Terabainya Sastrawan Asia Tenggara
Nobel kesusastraan diberikan kepada seorang sastrawan yang karyanya telah menyebar keseluruh benua dan diterjemahkan dengan berbagai macam bahasa. Pemberian nobel kesusasteraan ini biasanya dilaksanakan pada bulan oktober. Ada dua dalil yang menjadi perhatian sebuah karya sastra, yaitu bahasa karya sastra itu sendiri dan tidak ada bahasa yang lebih indah dari bahasa lain. Setelah setengah abad lebih peraih nobel kesusastraan ini didominasi oleh sastrawan-sastrawan Eropa.Negara-negara Asia Tenggara belum pernah mengutuskan seorang sastrawan pun untuk meraih nobel ini. Bahkan sastrawan Asia Tenggara disalib oleh sastrawan dari Negeri Kangguru.Benedict Anderson,dalam artikel berjudul “The unrewarded” menyatakan terabainya Asia Tenggara merupakan kelamahan sekaligus titik Buta panitia Nobel yang menganggap bahasa kolonial sebagai suri tauladan penilaian.

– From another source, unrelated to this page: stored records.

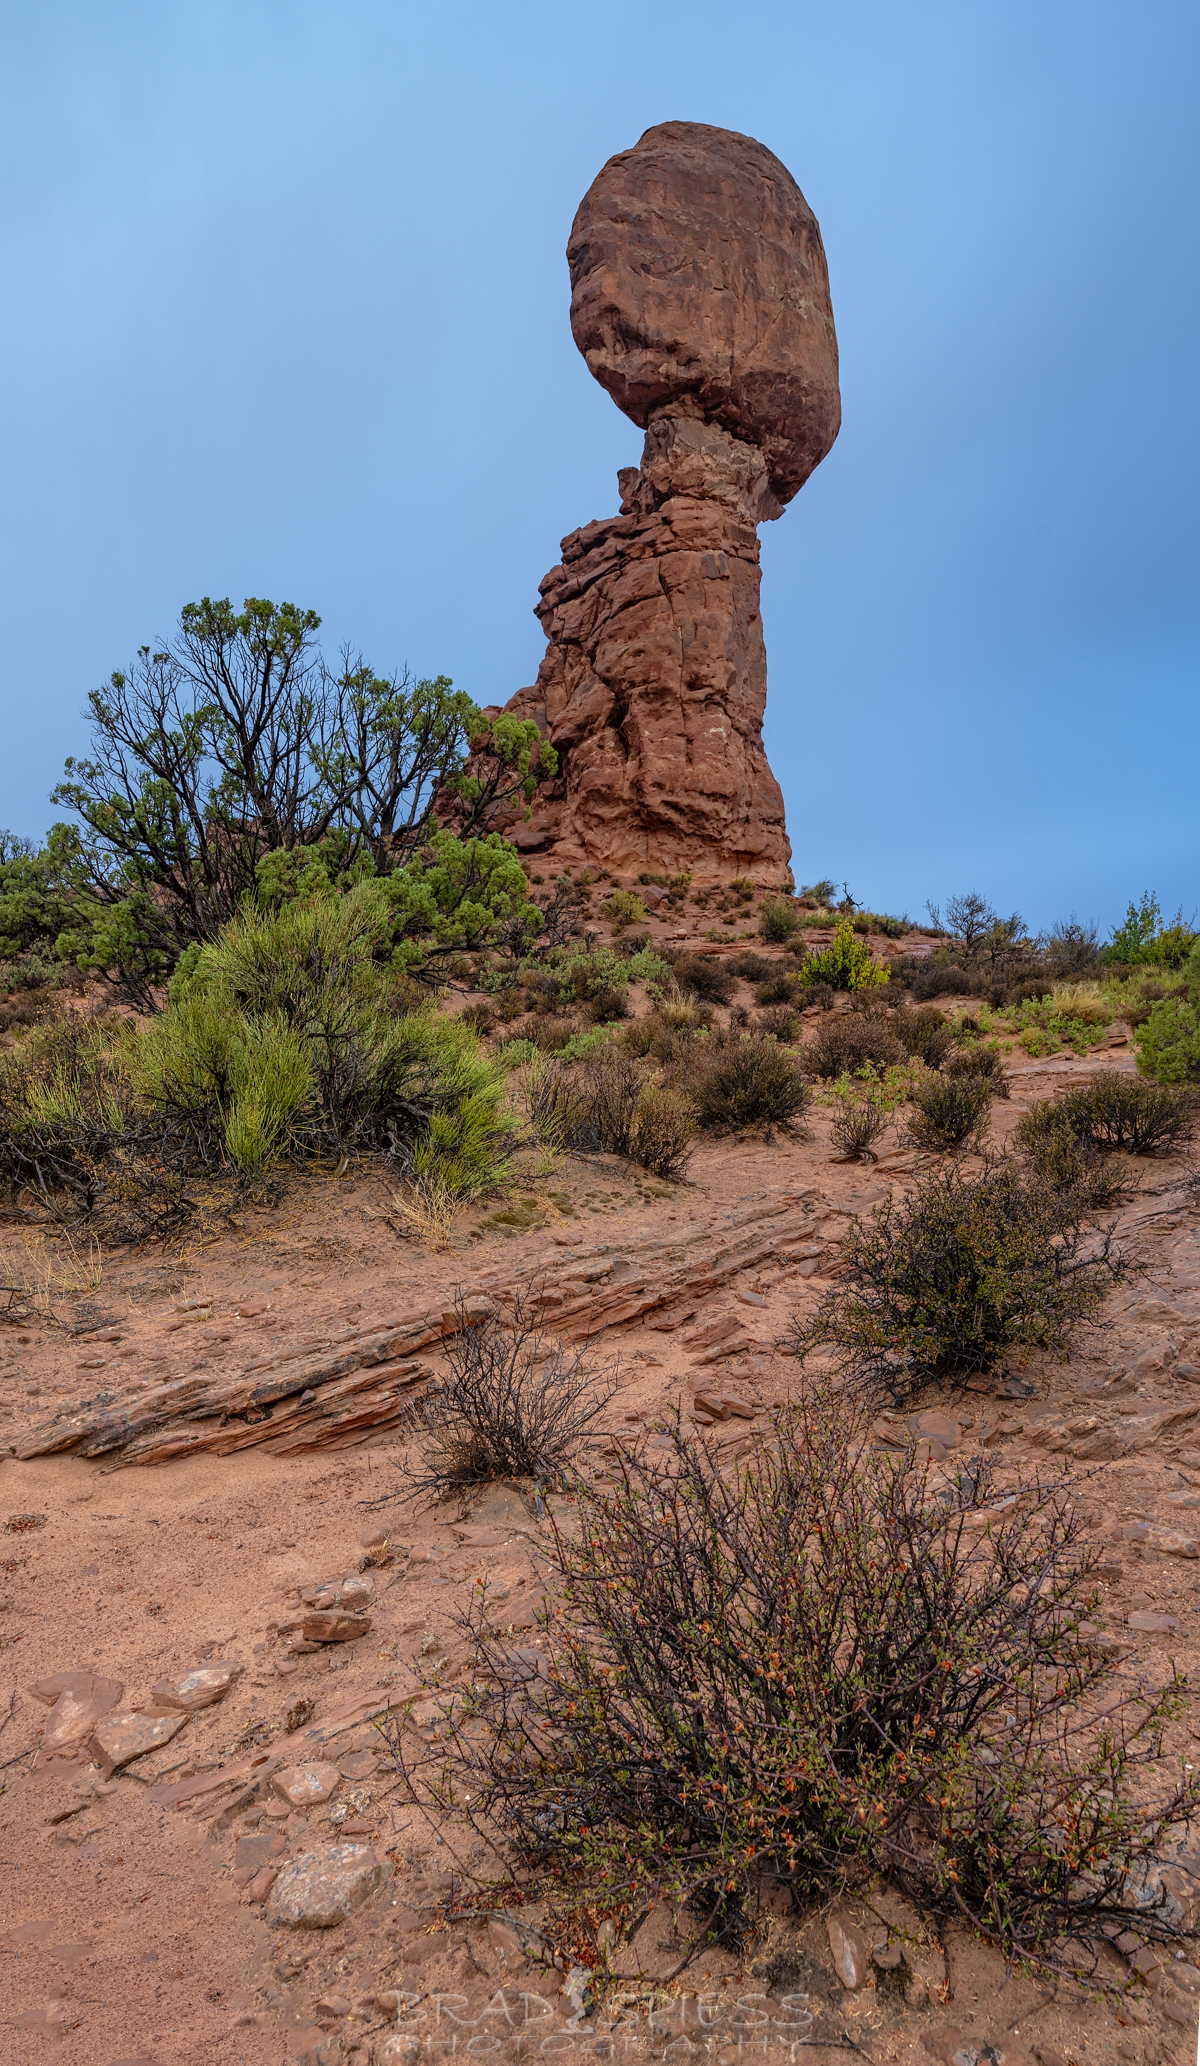 Another Look at Balanced Rock from up close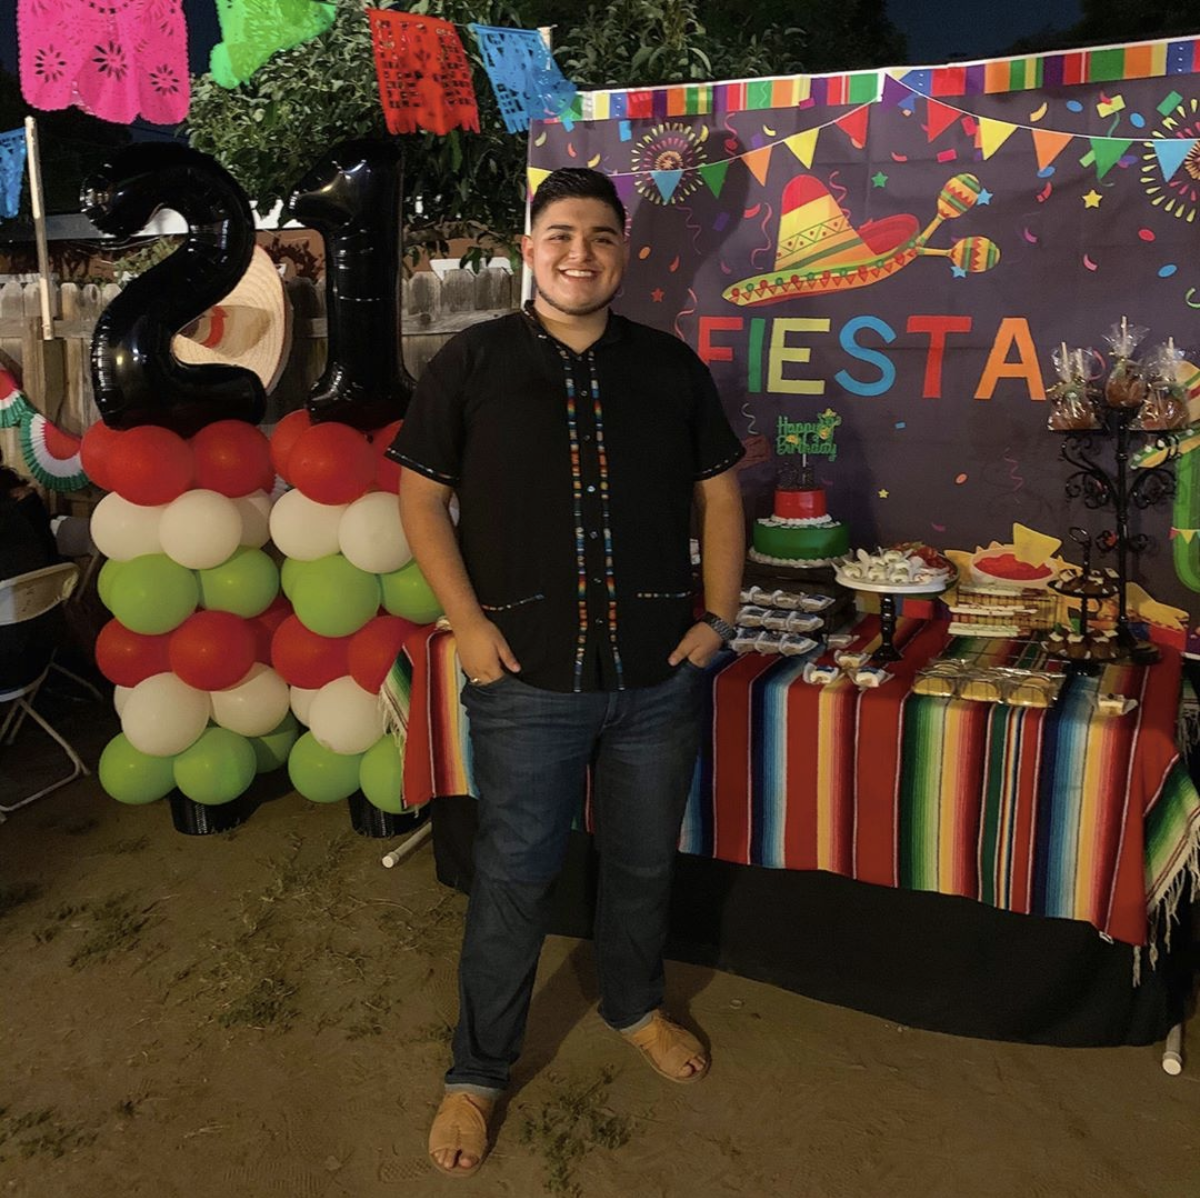 Pablo Tiznado is a fourth-year from Anaheim, CA majoring in Spanish and Political Science with an option in Legal Studies. He is being highlighted for Hispanic Heritage Month.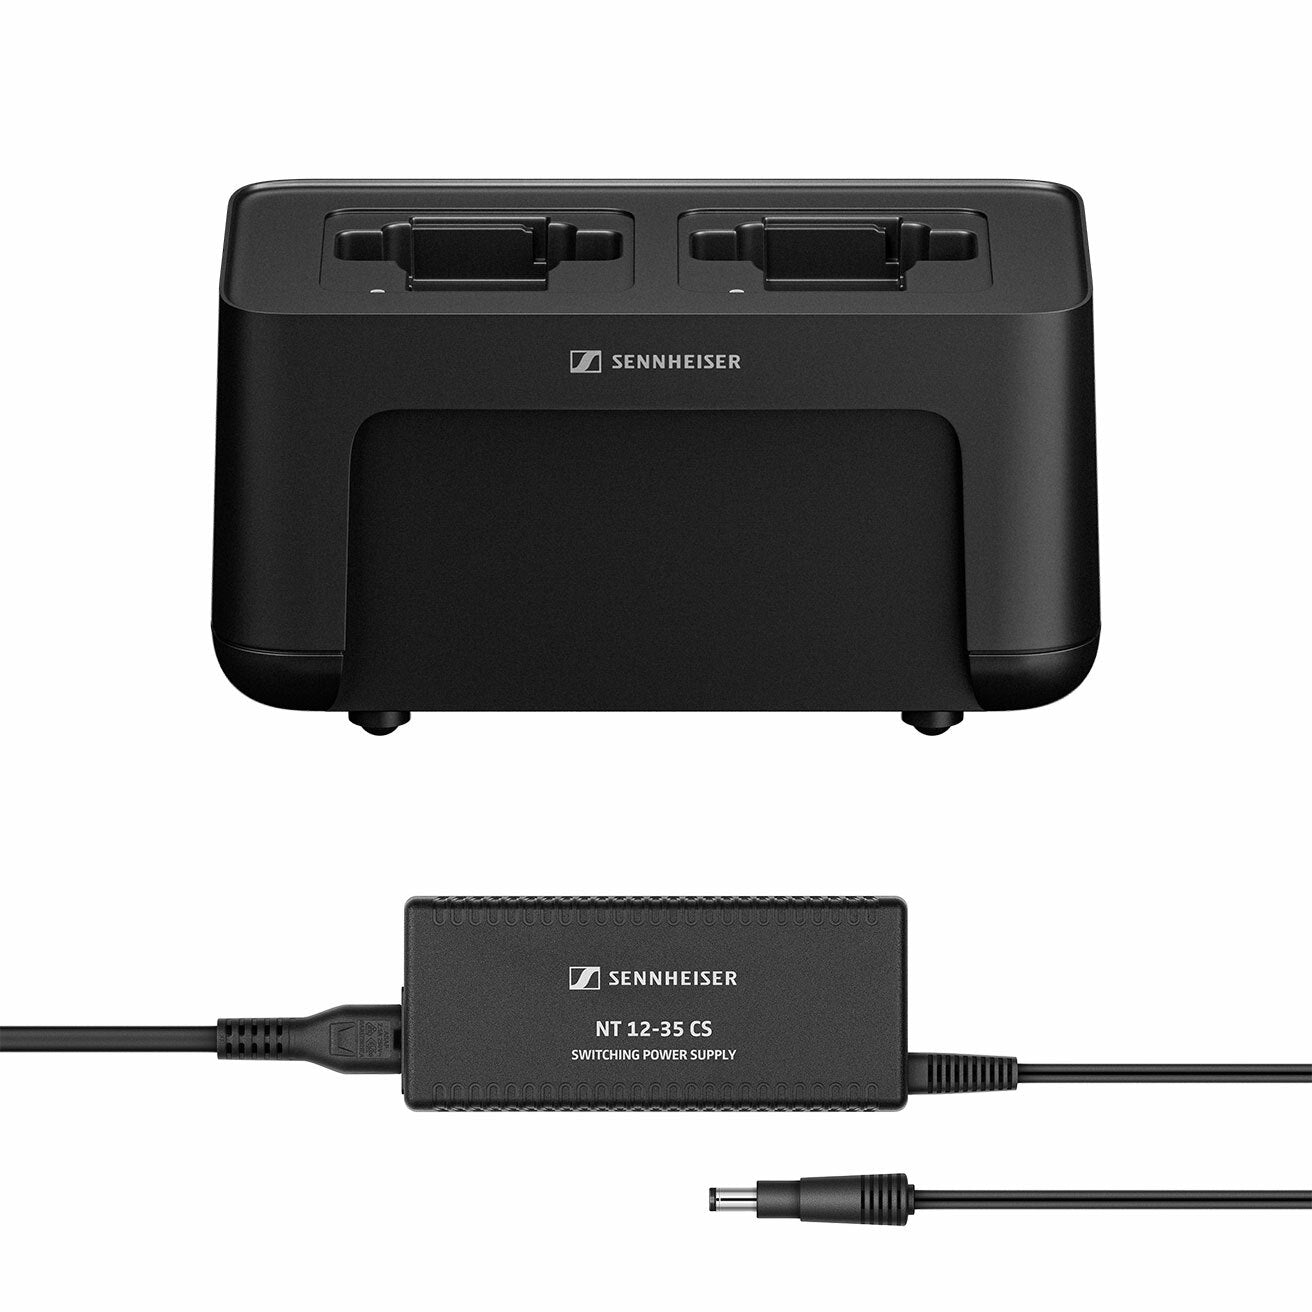 Sennheiser CHG 70N-C + PSU KIT - Network Enabled Charger with Power Supply

Dua hal yang menyebabkan terabainya sastrawan Asia Tenggara.Pertama,konsep “ Nasionalisasi Bahasa”.Konsep ini menyebabkan Negara-negara indochine cenderung menggunakan bahasa asli negaranya,sehingga bahasa Eropa yang bergengsi semakin terabaikan .Kedua, keterbatasan penerjemah professional.Tidak ada penerjemah di Asia Tenggara yang benar-benar bisa merepresentasikan makna sebuah karya sastra, sehingga bahasa khas dan humor gelap yang terselip didalamnya sebuah karya sastra hilang ketika diterjemahkan.
sumber
Wibisono, Joss.2013.”BAHASA DAN NOBEL KESUSASTRAAN”.TEMPO, No 4232, Oktober 2013, hal.74.